Now we can finally solve for the higher heating value of the mixture

$(HHV)=x_{CH_{4}}\cdot (HHV)_{CH_{4}}+x_{C_{2}H_{6}}\cdot (HHV)_{C_{2}H_{6}}+x_{C_{3}H_{8}}\cdot (HHV)_{C_{3}H_{8}}$

$(HHV)=[(0.574)\cdot (55.6)+(0.215)\cdot (52.0)+(0.211)\cdot (50.3)]$

$(HHV)=53.7{\frac {MJ}{kg}}$

Problem 2

Question

An equimolar liquid mixture of water and ethanol at 25 °C is fed continuously to a vessel in which the mixture is heated to 80 °C. The liquid product is 0.6 mole % E, and the vapor product is 99.4 mole % E. How much heat must be transferred to the mixture per g-mole of feed? (Bit unrealistic since almost all the ethanol would have been evaporated, but hey, question the world).

Answer

List all assumptions:

Basis: 1 mol feed

Let's figure out the mass balance of this process first:

${\text{Total balance:}}{\text{ }}1.00mol=n_{V}+n_{L}$

${\text{Ethanol balance:}}{\text{ }}0.500mol=0.006\cdot n_{V}+0.994\cdot n_{L}$

Next

Our energy balance has the form:

$Q=\Delta {H}$

And our enthalpy table for the process is:

Substance	$n_{in}$	${\hat {H_{in}}}$	$n_{out}$	${\hat {H_{out}}}$
$H2O_{(l)}$	0.5	0	3.35	${\hat {H_{1}}}$
$Ethanol_{(l)}$	0.5	0	3.35	${\hat {H_{2}}}$
$H2O_{(v)}$	-	-	63.55	${\hat {H_{3}}}$
$Ethanol_{(v)}$	-	-	33.1	${\hat {H_{4}}}$

Note: We do not know the feed-stream pressure and so we assume that $\Delta {H}$ for the change from 1 atm to $P_{feed}$ is negligible, and since the process is not running at an unusually low temperature or high pressure, we neglect the effects of pressure on the enthalpy calculations. The tables used in the calculations are referenced here [(Ethanol)](https://en.wikipedia.org/wiki/Ethanol_(data_page)) and here [(Water)](http://webbook.nist.gov/cgi/cbook.cgi?ID=C7732185&Type=JANAFL&Plot=on=JANAFL).

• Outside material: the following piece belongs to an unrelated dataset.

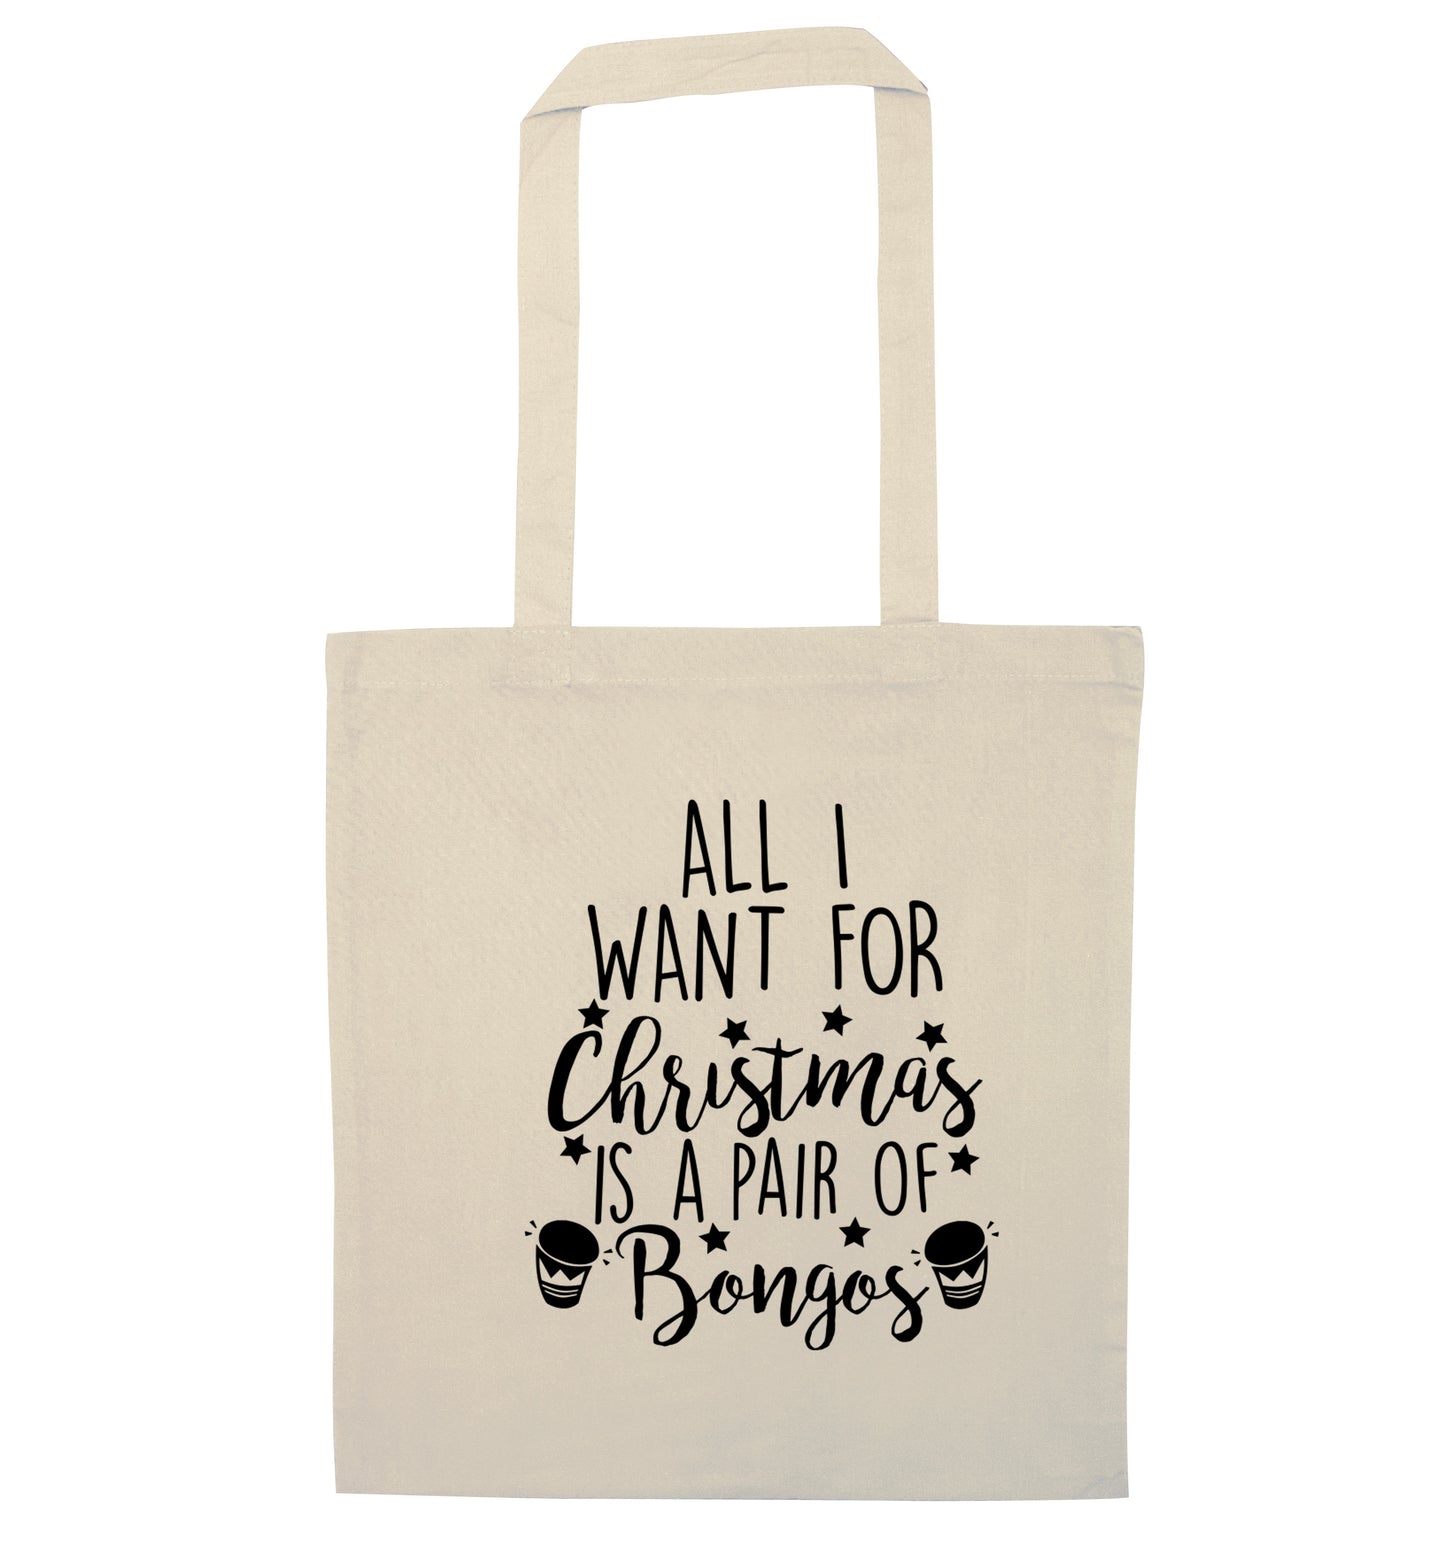 All I want for Christmas is a pair of bongos! natural tote bag

${\hat {H_{1}}}=\int \limits _{25C}^{80C}(C_{p})_{H_{2}O_{(L)}}dT$

${\hat {H_{2}}}=\int \limits _{25C}^{80C}(C_{p})_{Ethanol_{(L)}}dT$

${\hat {H_{3}}}=\int \limits _{25C}^{100C}(C_{p})_{H_{2}O_{(L)}}dT+(\Delta {\hat {H}})_{V,H_{2}O}(100C)+\int \limits _{100C}^{80C}(C_{p})_{H_{2}O_{(V)}}dT$

${\hat {H_{4}}}=\int \limits _{25C}^{100C}(C_{p})_{Ethanol_{(L)}}dT+(\Delta {\hat {H}})_{V,Ethanol}(100C)+\int \limits _{100C}^{80C}(C_{p})_{Ethanol_{(V)}}dT$